Yes on the internet you can generally find a piece of text that is
wrong but suits the purpose.

For example the article goes on to describe the German radio
navigation aids as radar guidance systems. It also repeats the
lone German bomber over London on 24/25 August 1940 myth,

"After dark on the 24th the attacks were stepped up, and
some 170 German aircraft ranged over England from the
borderland to Kent. Largely due to bad navigation bombers
directed to Rochester and the Thameshaven oil-tanks
dropped their loads on the City of London. For the first time
since the Gothas of 1918, Central London was damaged in
an air raid.
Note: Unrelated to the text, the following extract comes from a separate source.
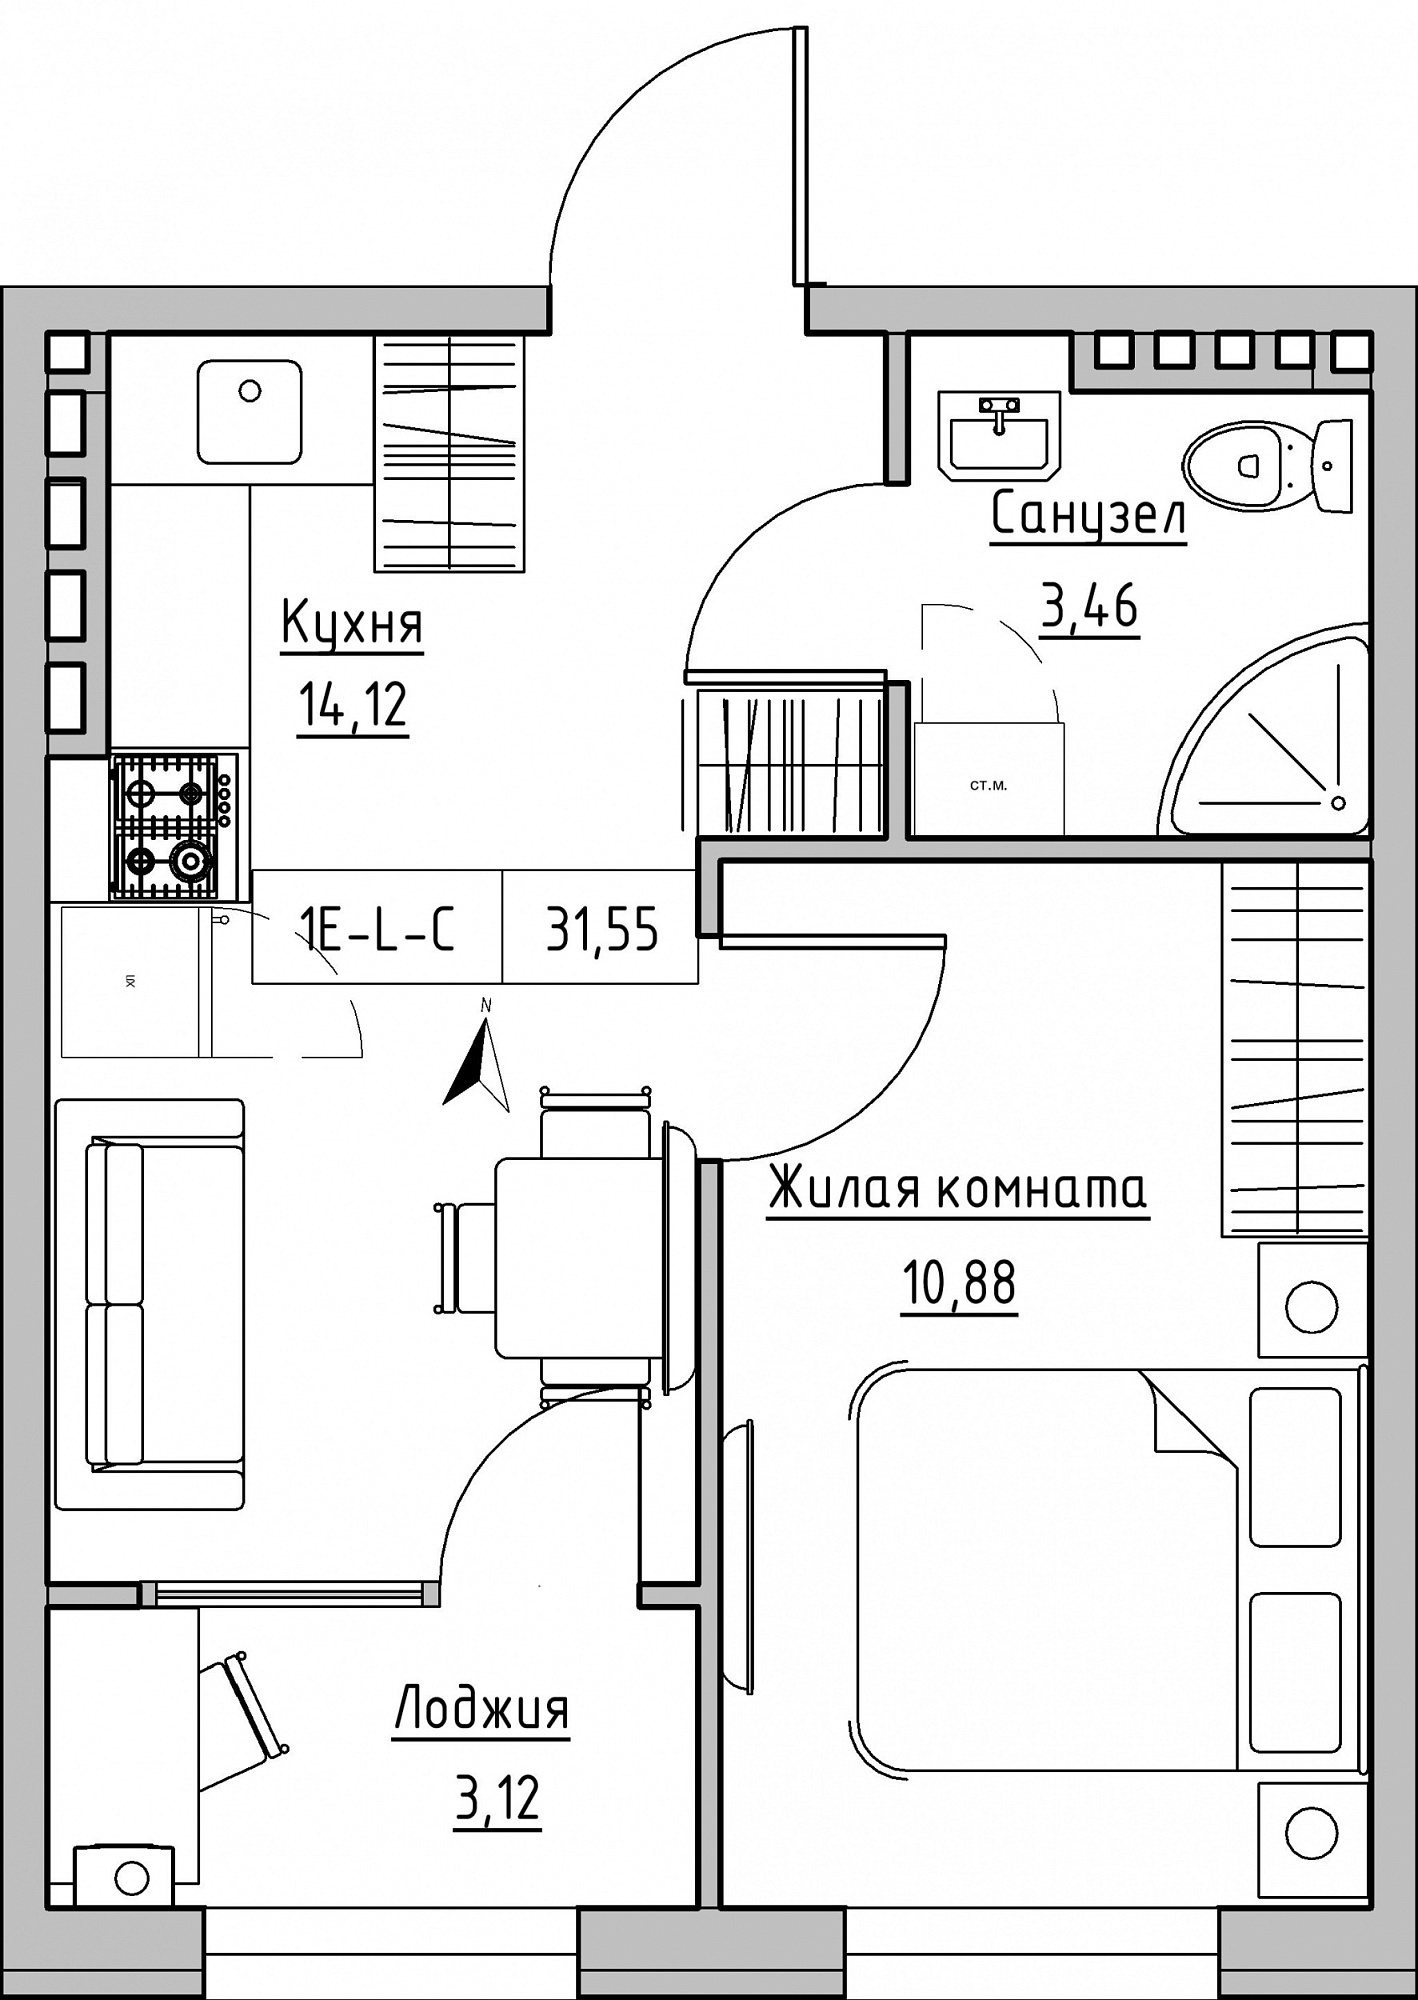 Планировка 1-к квартира площей 31.55м2, KS-024-04/0007.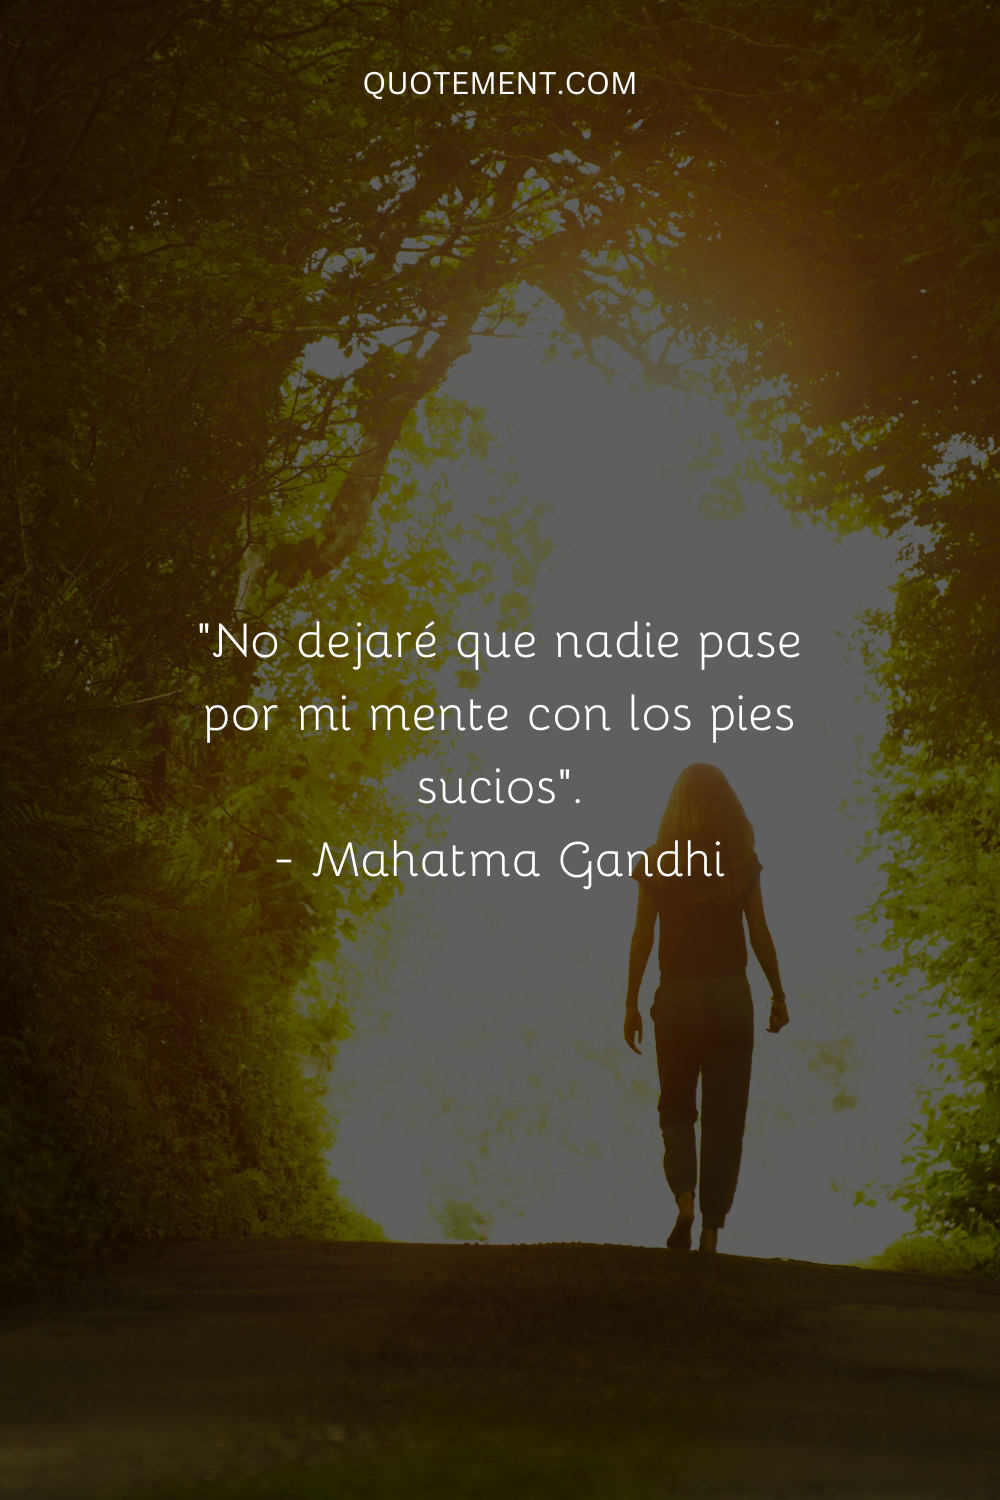 "No dejaré que nadie pasee por mi mente con sus pies sucios". - Mahatma Gandhi

Fires burned at London Wall, and boroughs like
Islington, Tottenham, Finsbury, Millwall, Stepney, East Ham,
Leyton, Coulsdon and Bethnel Green all received their share."

The Narrow Margin, Wood and Dempster.

The Peoples War by Angus Calder, notes "considerable fires".

Lot of damage by one bomber.

Flying well over 1,000 sorties over several days of strikes to drop
5 tons of bombs makes the Luftwaffe the most inefficient military
air force around. Just think what the army would make of that level
of support as it tried to attack the city.

The point of this respons is not to start an argument about this
topic, simply to let everyone know that I have read sources that
contradict what was stated by Keith in the prior post regarding
Rotterdam. We could all continue argueing by stating all the sources
which back up our opinion, but this is not my intention by any means.
History is the interpretation of the past and therefore will always be
dependant on how "we" as individuals interpret it.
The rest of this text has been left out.